Au-delà du discours d’après-match de Sarah Bouhaddi, les larmes de l’inconsolable jeune latérale de l’OL Selma Bacha en disaient long dimanche soir sur le mood désenchanté du groupe. Au micro de Canal +, Amandine Henry a résumé le sentiment général du vestiaire lyonnais, alors que se profile vendredi une ultime étape sans saveur face à Fleury : « On garde espoir… même s’il ne faut pas se faire d’illusion, car elles ne vont pas lâcher ».

L’ombre d’Ada Hegerberg a encore plané

« Elles », les Parisiennes donc, vont préserver ce si précieux point d’avance au classement, synonyme de premier titre de champion de France dans l’histoire du PSG féminin. Et de coup de massue sur un OL habitué à concasser la concurrence, à l’image de Parisiennes ayant dû se contenter jusque-là de deux Coupes de France (2010 et 2018). « Nous sommes tristes car nous sommes des compétitrices et qu’on gagne ce championnat depuis 14 ans », admet Sarah Bouhaddi, perdue en plein double discours. Ce qui a sauté aux yeux cette saison, lors des quatre affiches accrochées entre Lyonnaises et Parisiennes (D1 + C1), c’est le manque de tranchant offensif de l’OL, limité à deux buts inscrits, dont aucun en championnat.
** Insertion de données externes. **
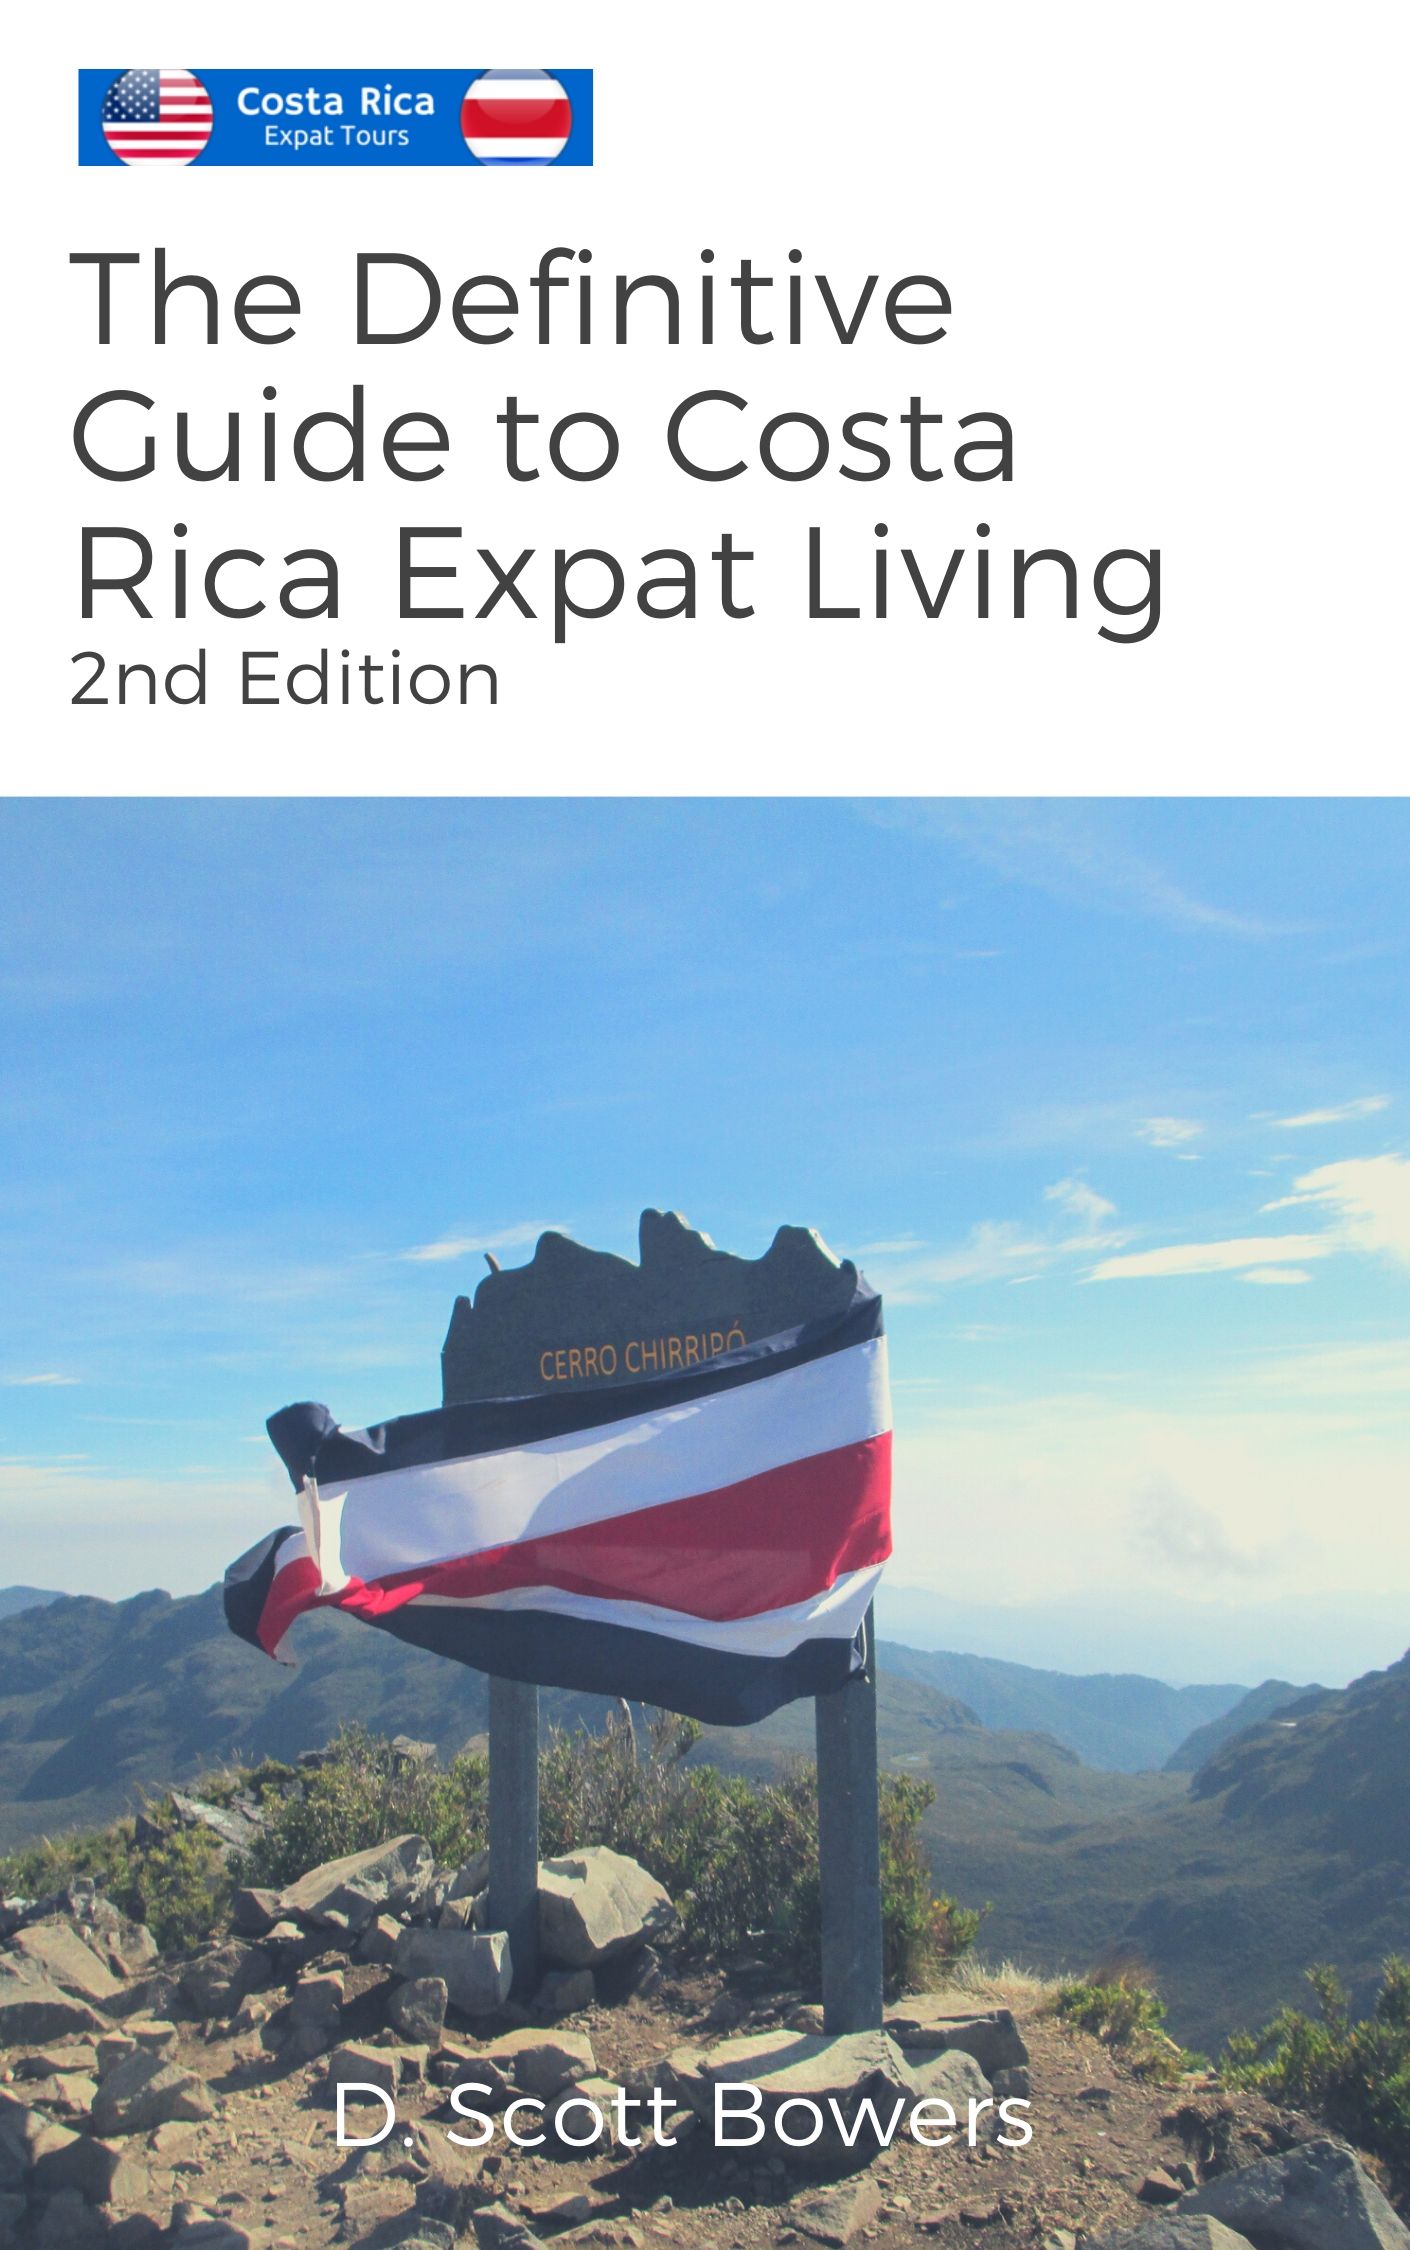 The Definitive Guide to Costa Rica Expat Living - 2nd Edition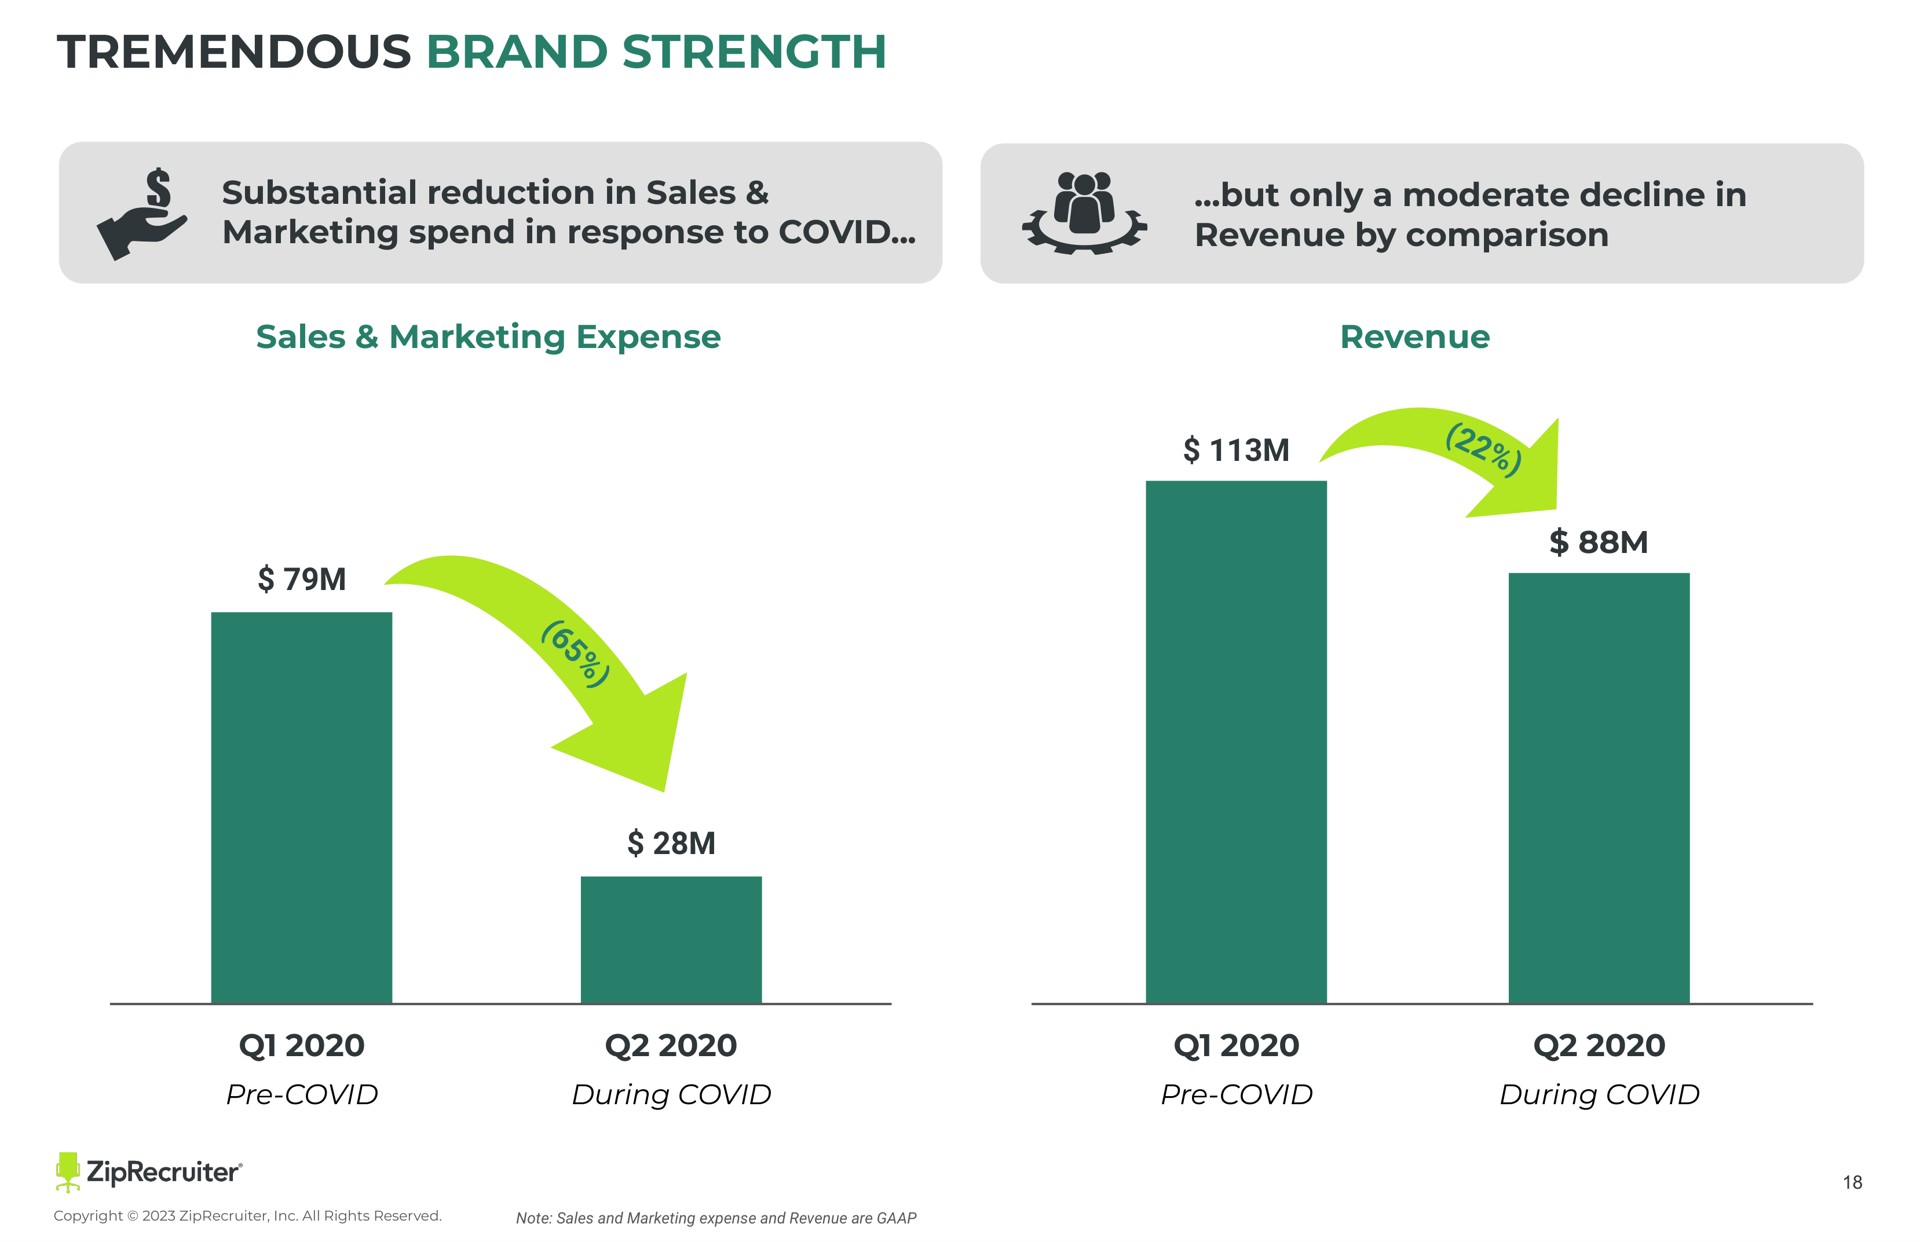 tremendous brand strength substantial reduction in sales marketing spend in response to covid but only a moderate decline in revenue by comparison sales marketing expense revenue rog | ZipRecruiter

« Aujourd’hui, on a manqué de maîtrise, de justesse technique, et d’esprit tueuse », liste Sonia Bompastor, qui avait misé sur un jeune tandem Delphine Cascarino-Catarina Macario peu en vue. Et si l’ombre de la Ballon d’or 2018 Ada Hegerberg, qui n’a pas disputé la moindre minute de jeu depuis janvier 2020, planait plus fort que jamais dans ces chocs OL-PSG ? « On connaît les qualités de buteuse d’Ada et elle nous aurait fait du bien, confie Sonia Bompastor. Mais il ne faut pas se retrancher derrière les excuses » d’absences de taille « comme Sara Björk Gunnarsdottir, Griedge Mbock, Damaris Egurrola ou encore Eugénie Le Sommer. »

« Pour aller chercher un règne, il faut plus qu’une victoire »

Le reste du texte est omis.